The challenges of an aging population are hardly confined to the financial advisory profession so blaming a global demographic problem on the board would be ludicrous. Fully 25% of the physicians in America are over the age of 55. But with its robust $27 million budget some believe the CFP Board is the best positioned organization to tackle the problem in this business and, while some of its initiatives are designed to address the problem, it could do a lot more in the eyes of some certificants.

Finally, just about every new initiative under consideration at the CFP Board places it in conflict with every other organization. Many question whether that’s the best way to grow the profession.

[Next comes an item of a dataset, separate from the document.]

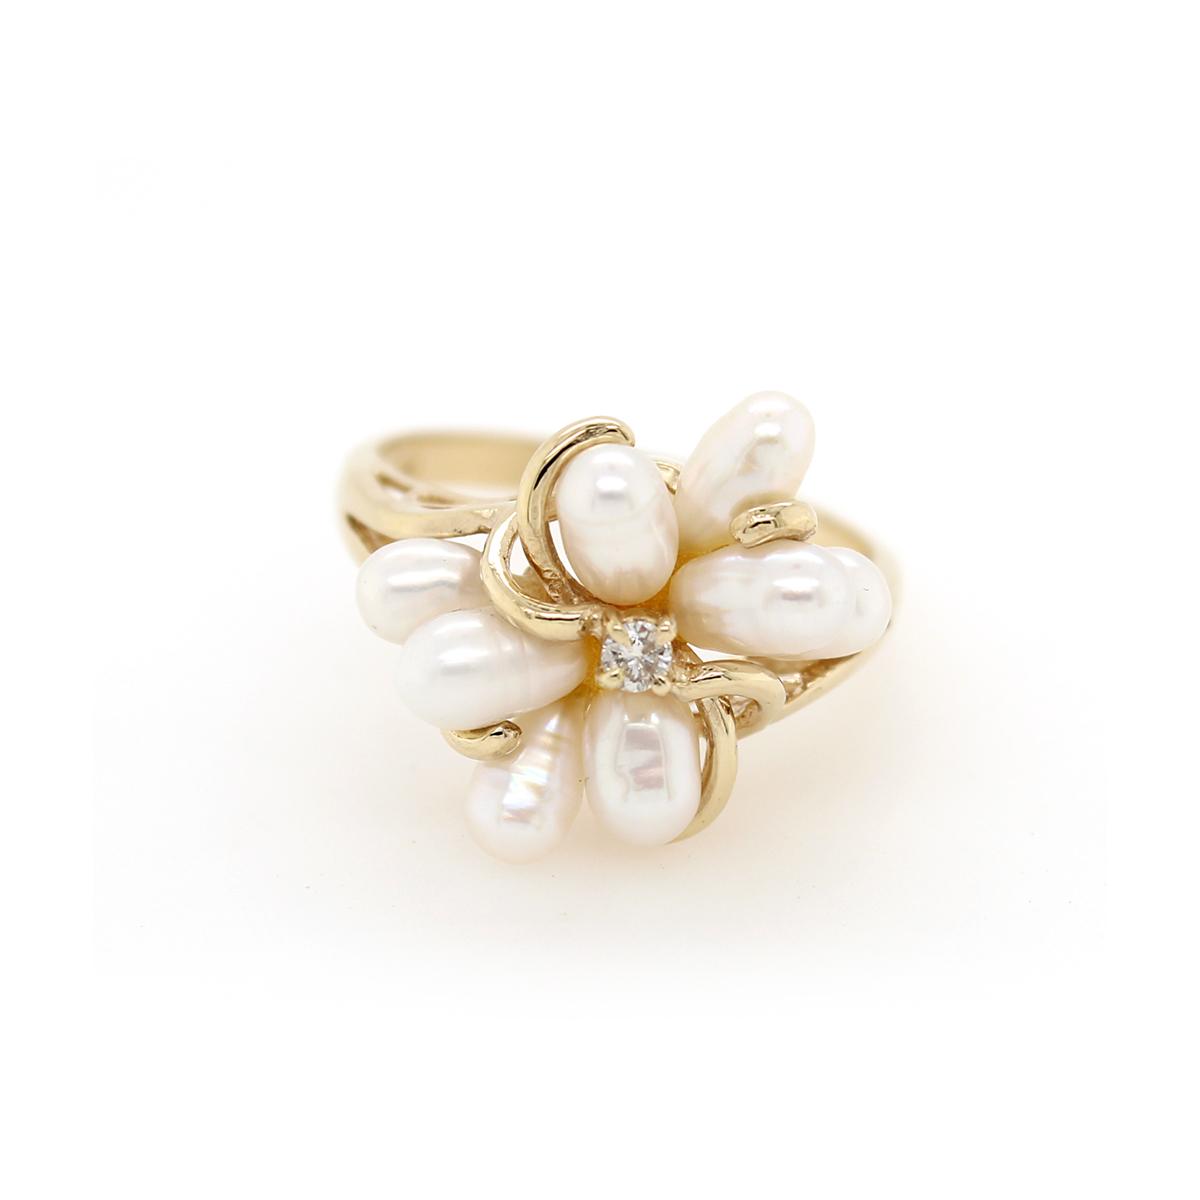 Vintage 14 Karat Yellow Gold Diamond and Pearl Ring

Today, the CFP Board is chaired by the widely respected Ray Ferrara, and it has other board members with unimpeachable integrity such as Joe Votava. The problem is that for decades the SRO has filled its board with the profession’s best, and they have failed to curb its elephant-in-the-living-room tendency. One can only hope that this crew is different. After all, the lavish junkets began long before either Keller or most current board members were involved with the SRO.

Service on the CFP Board's numerous subsidiary boards typically involves hundreds, if not thousands of hours, all of it volunteered. Unlike volunteering and eventually attaining a lofty position at another association, CFP Board service typically doesn't give an advisor enhanced marketing visibility that can ultimately pay off in terms of increased revenue in their business.

Do board executives feel that generous perks are a just reward for volunteer efforts with little obvious reward? Who knows. Past directors say the perks are often subtle and it takes a while before they suddenly wake up and feel conflicted. The entire saga of the magnetic vortex that drives the most honorable, decent individuals to repeatedly wander astray and commit silly acts possesses all the dimensions of a Greek tragedy—or comedy. Jusk ask former volunteers.

The lawsuit filed by Jeff and Kim Camarda against the board will force it to open itself up to the public as never before. Some former board directors fear it will reveal that the emperor has no clothes. “If the CFP Board were held to the same standard as licensees, it would lose its license,” one ex-director says.

Keller’s salary is only a tiny part of the problem. By the standards of non-profits in the Beltway, others running vastly smaller non-profits make considerably more. For instance, Dallas Salisbury, CEO of the Employee Benefit Research Institute, pulled down more than $1.2 million in 2012 running a non-profit with $3.8 million in revenues.

Outside of Facebook and Silicon Valley, the non-profit universe may be where future fortunes are made. Just look at NYSE chairman Dick Grasso’s $142 million retirement plan or NFL Commissioner Roger Goodell’s 33 percent raise to $44 million this year.

The problem for the CFP Board is its misplaced priorities and penchant to reflexively expand its empire.